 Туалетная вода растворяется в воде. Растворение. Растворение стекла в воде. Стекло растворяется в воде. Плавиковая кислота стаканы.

════════════════

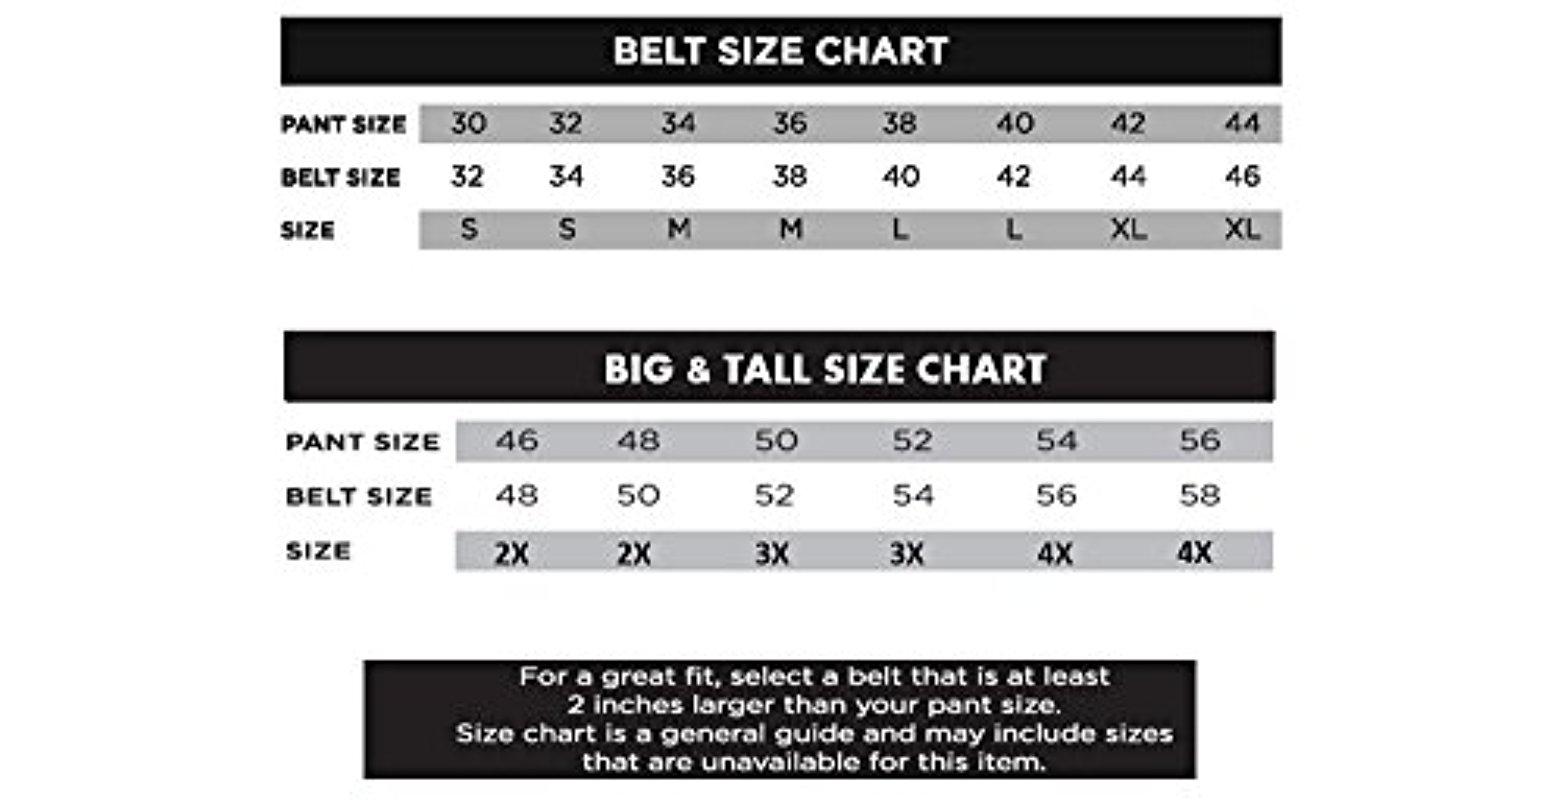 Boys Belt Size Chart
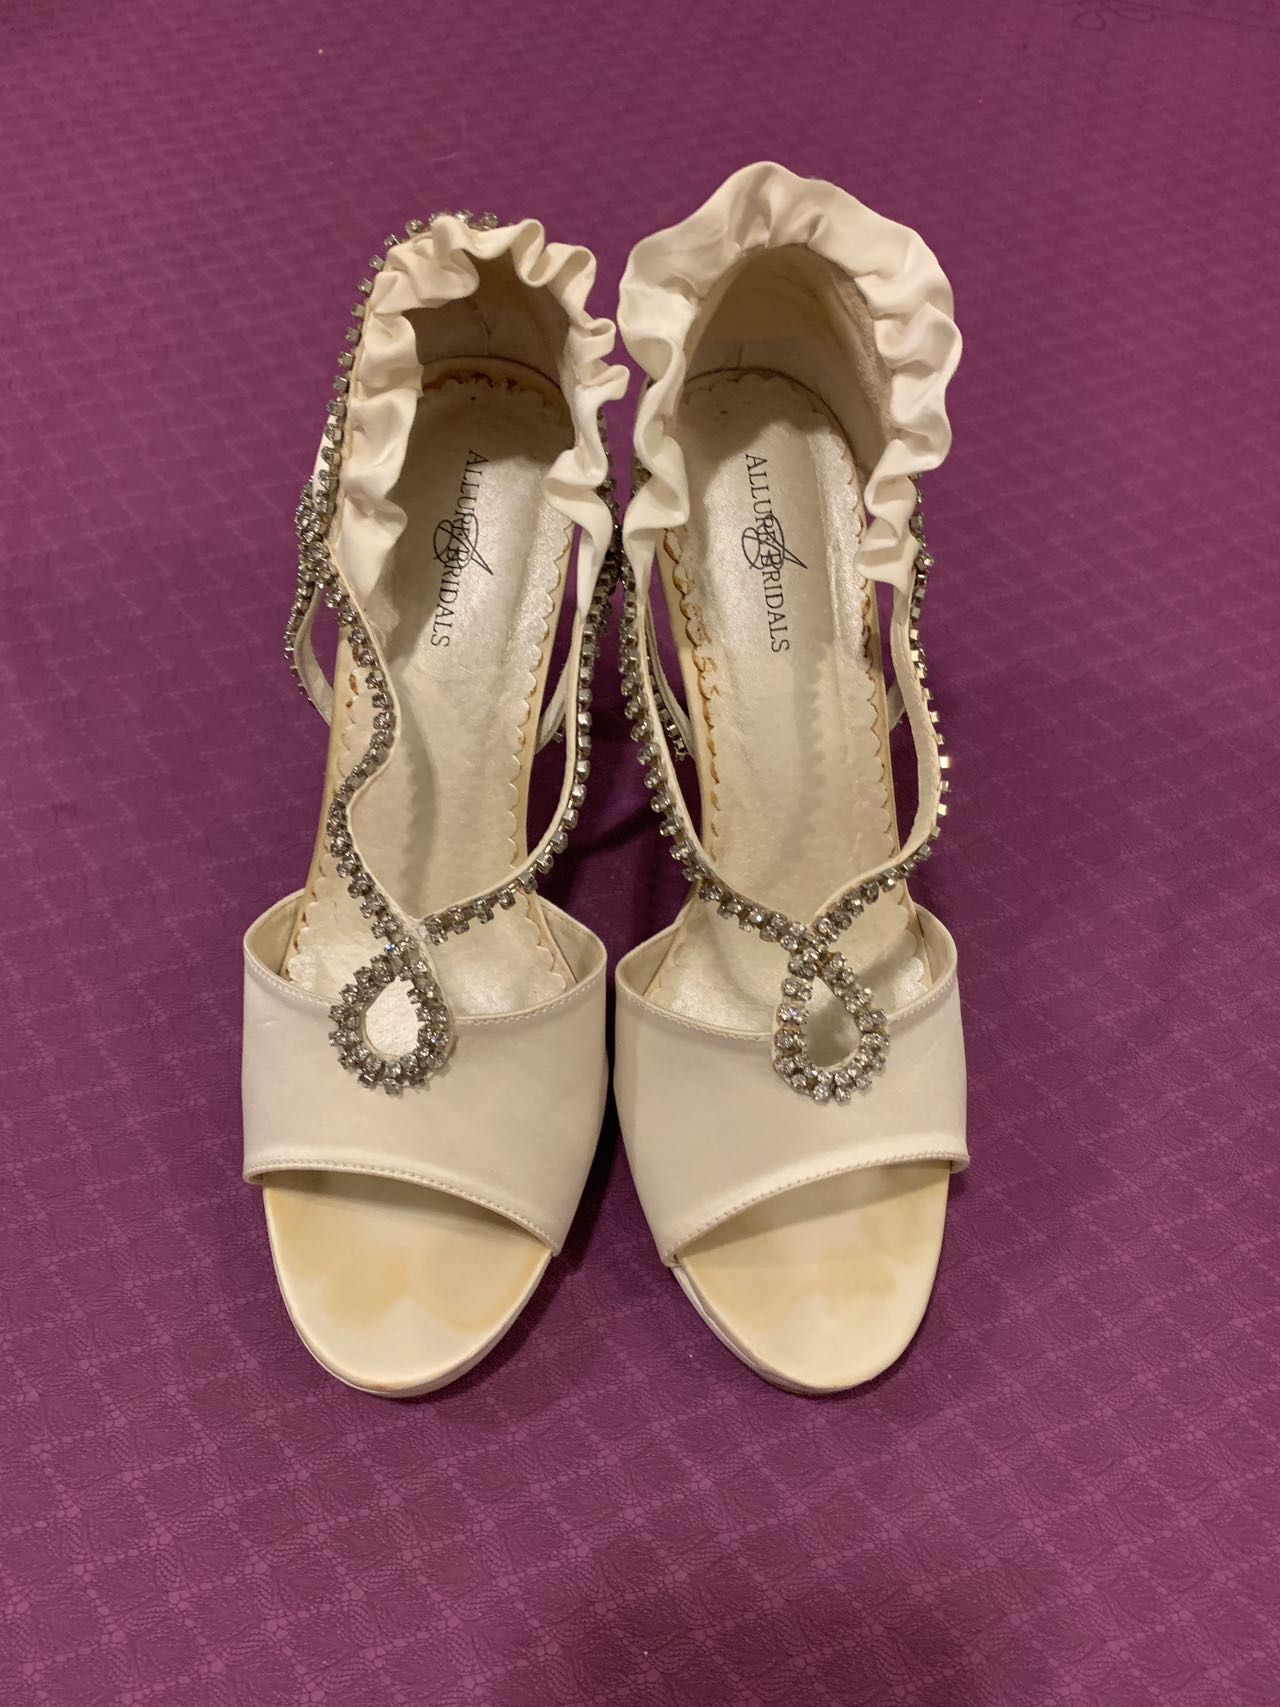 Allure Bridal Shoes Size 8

════════════════

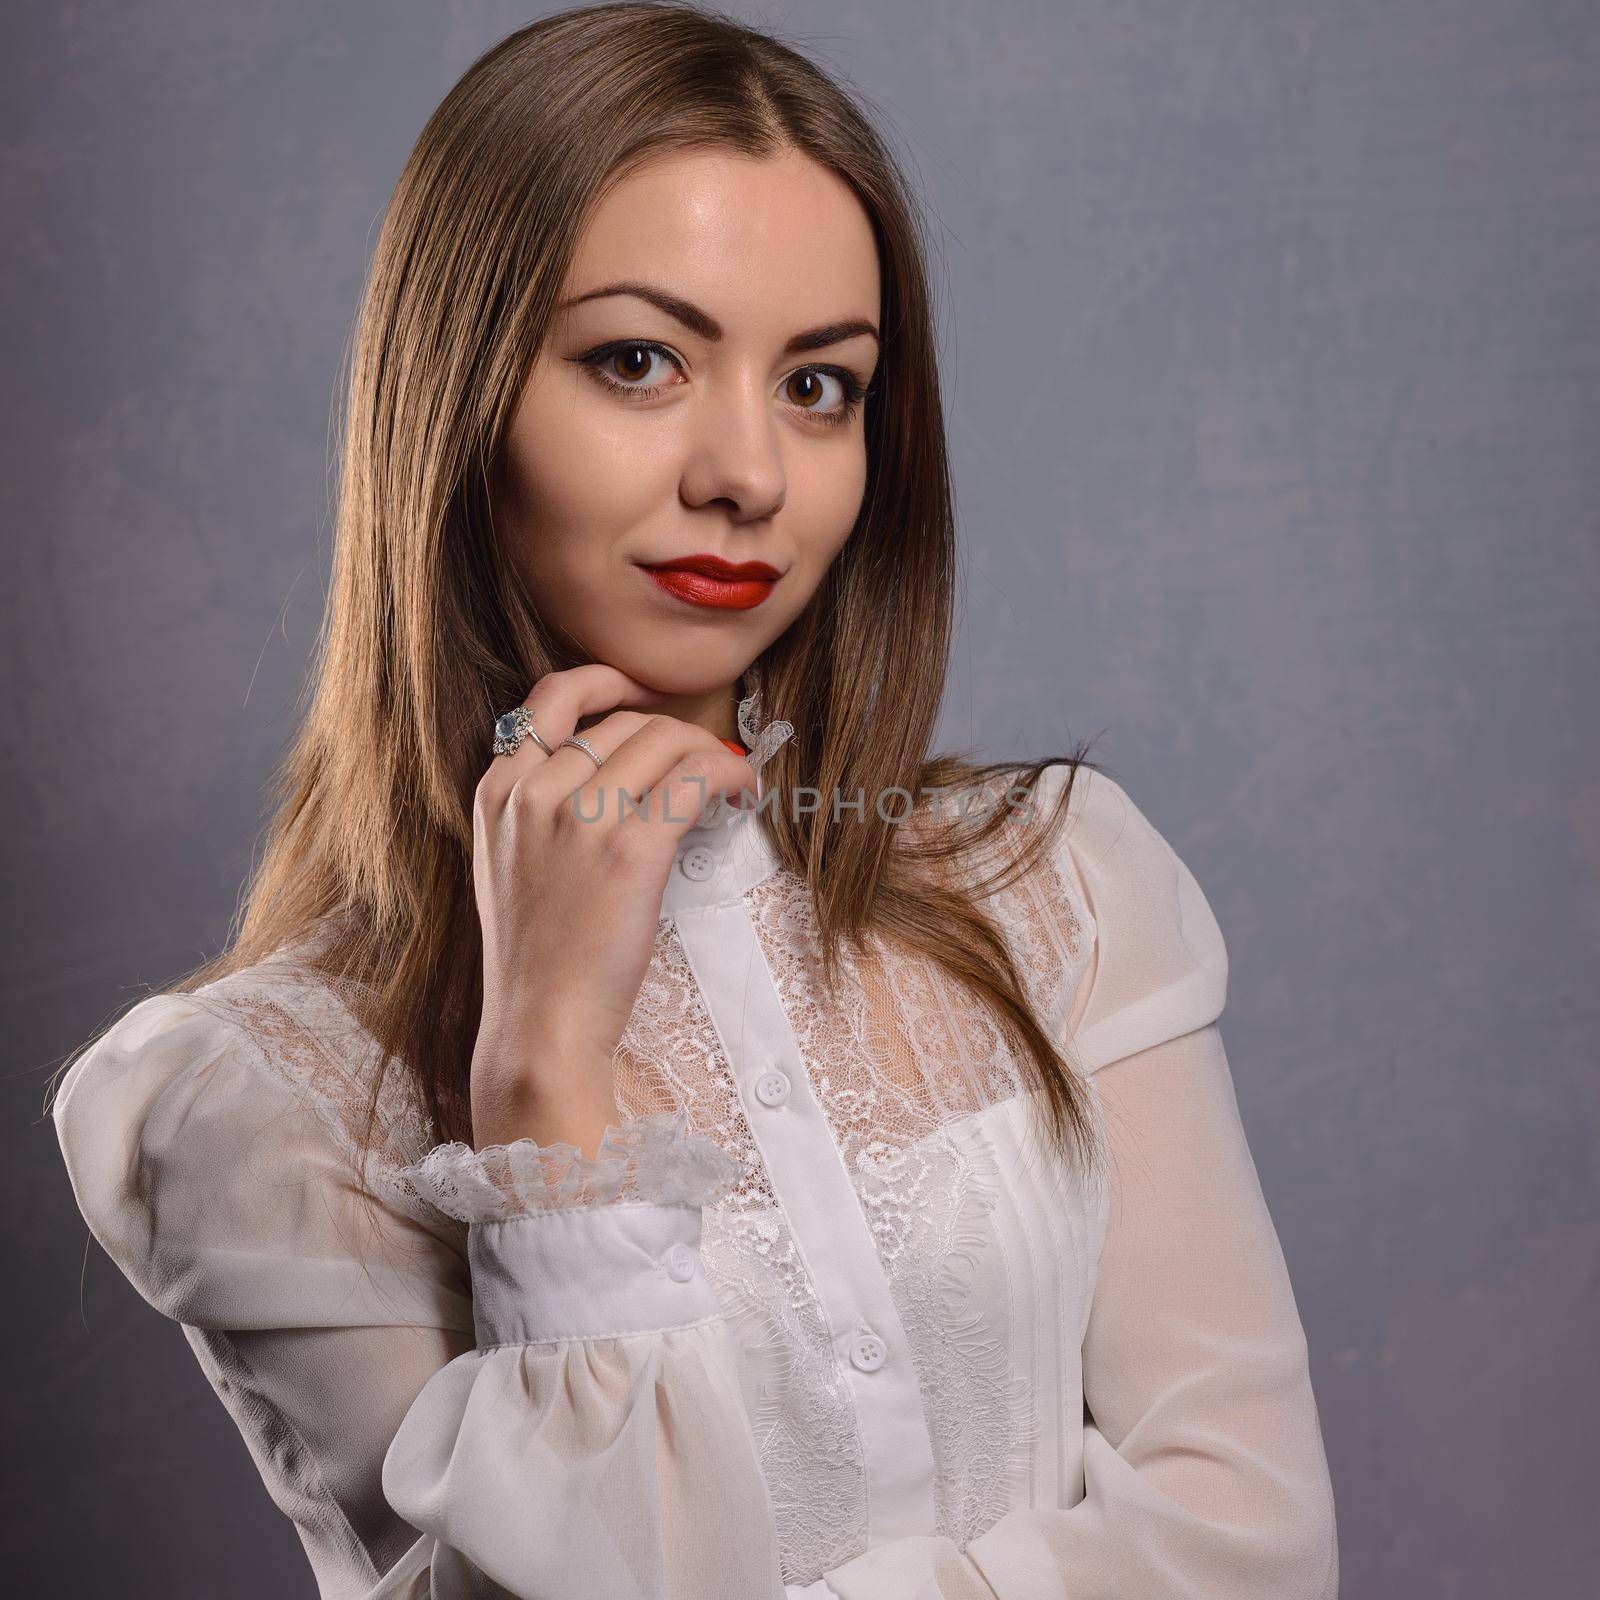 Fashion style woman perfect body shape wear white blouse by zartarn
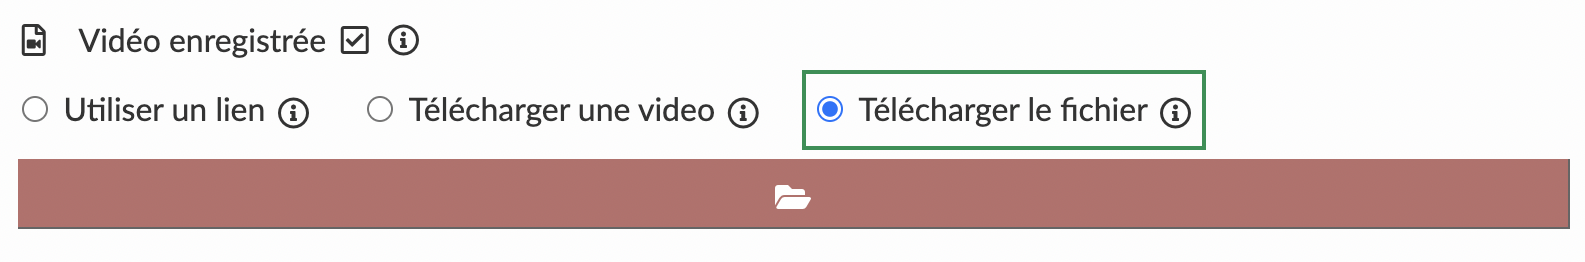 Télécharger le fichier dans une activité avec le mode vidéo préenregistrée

════════════════

TASK ITEM
Your answer should be the lines above, word for word, from the line with "Fashion style woman" through the line with "Télécharger le fichier", minus the pictures.

WRITTEN SOLUTION
 Fashion style woman perfect body shape wear white blouse by zartarn
 Télécharger le fichier dans une activité avec le mode vidéo préenregistrée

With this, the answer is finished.